▶ [Requirement] Pictures should be left out when the listing below is repeated word for word.

▶ [Provided data]
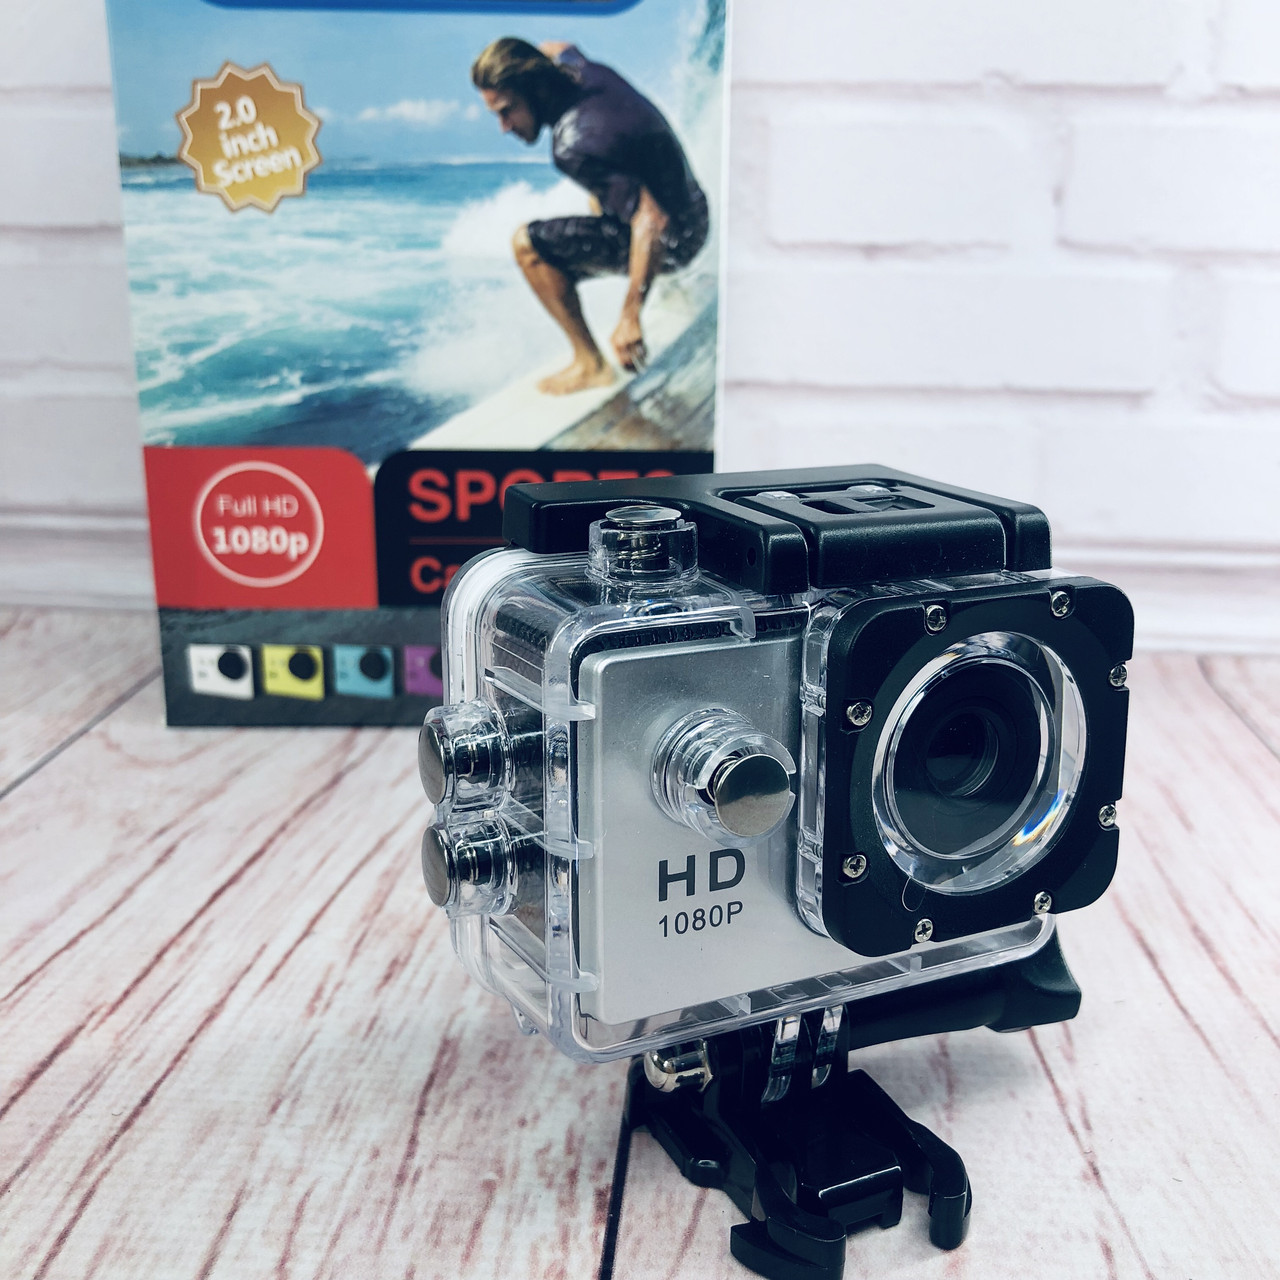 Экшн-камера А7 Sports Full HD 1080P (цвет серебро)
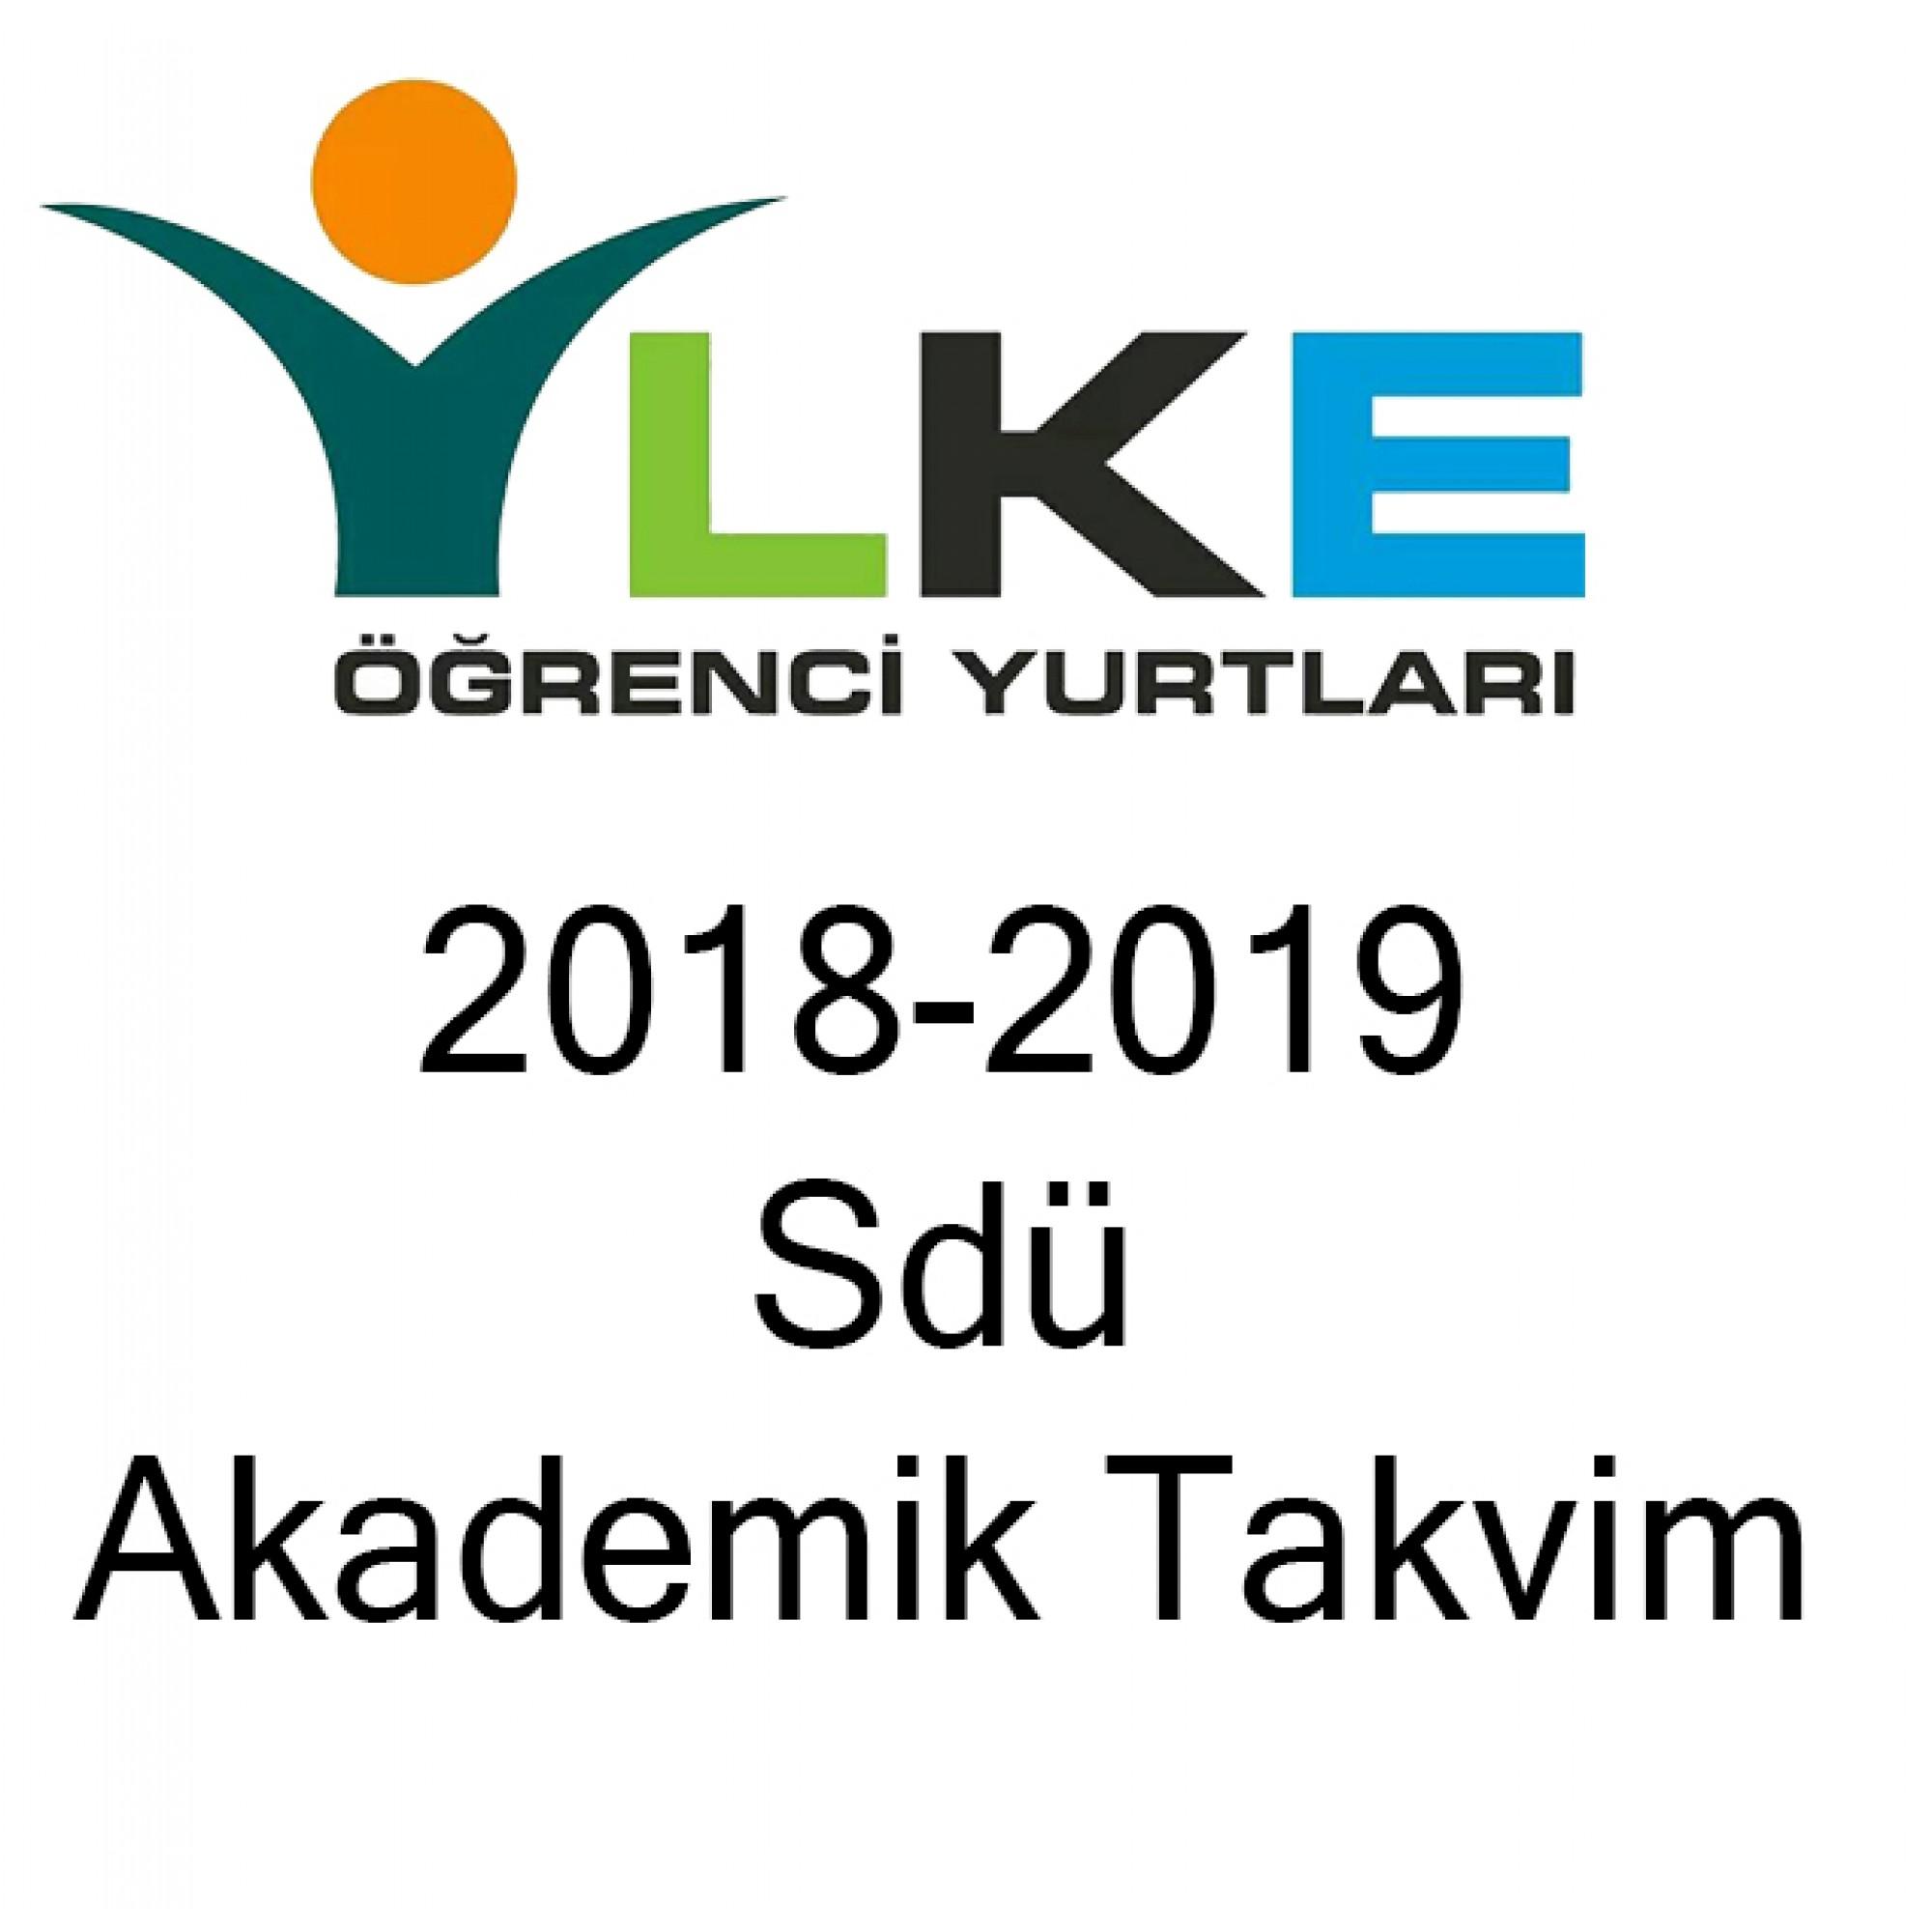 2018-2019 Sdü Akademik Takvim
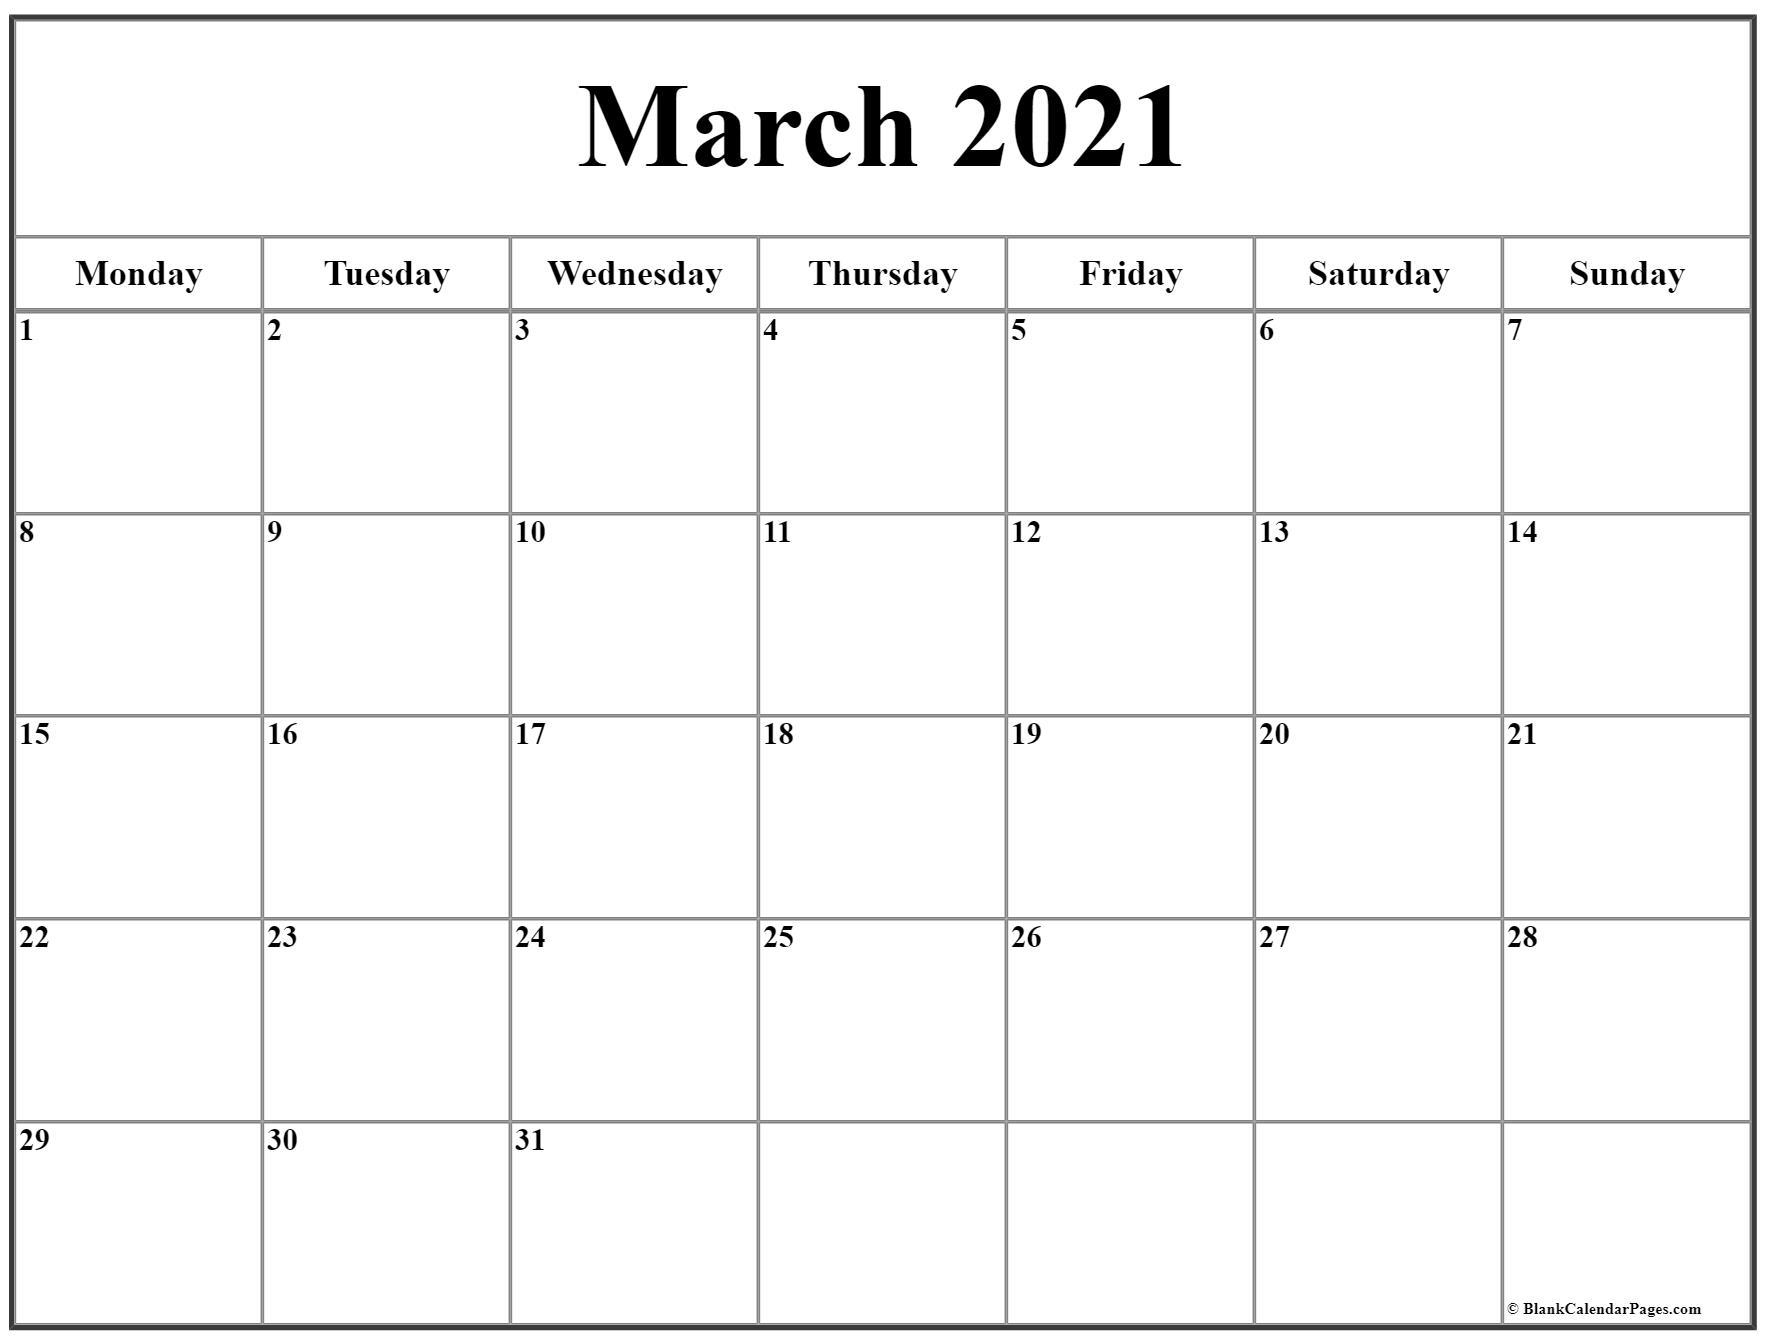 Get Blank Calendar 2021Monday To Sunday
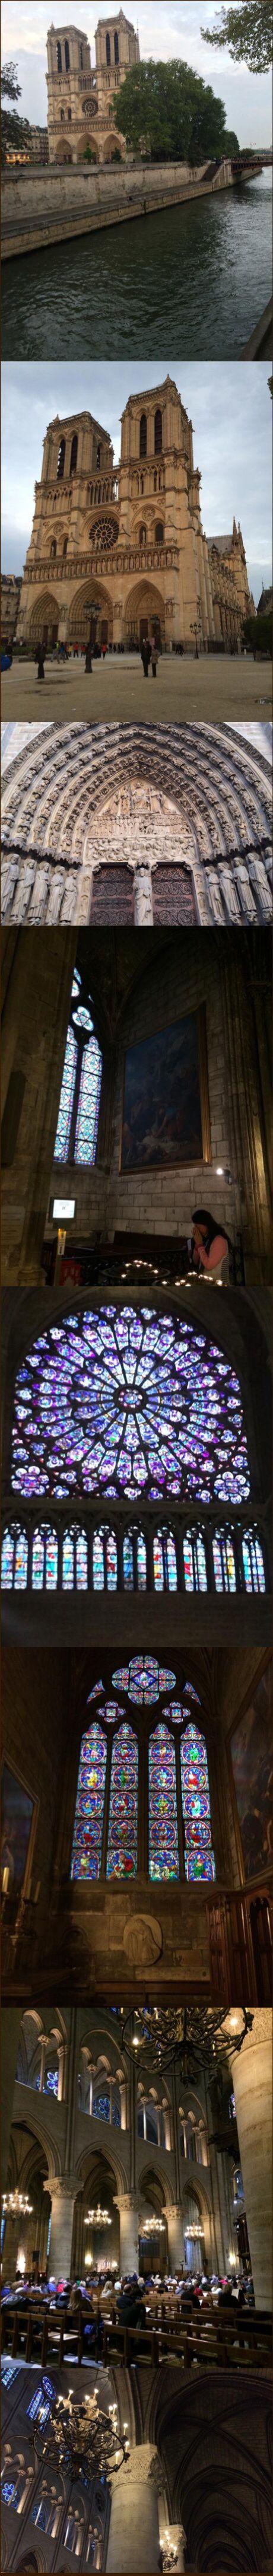 Notre Dame Church. By: Carolina Serrano

▶ [The answer]
 Экшн-камера А7 Sports Full HD 1080P (цвет серебро)
 2018-2019 Sdü Akademik Takvim
 Get Blank Calendar 2021Monday To Sunday
 Notre Dame Church. By: Carolina Serrano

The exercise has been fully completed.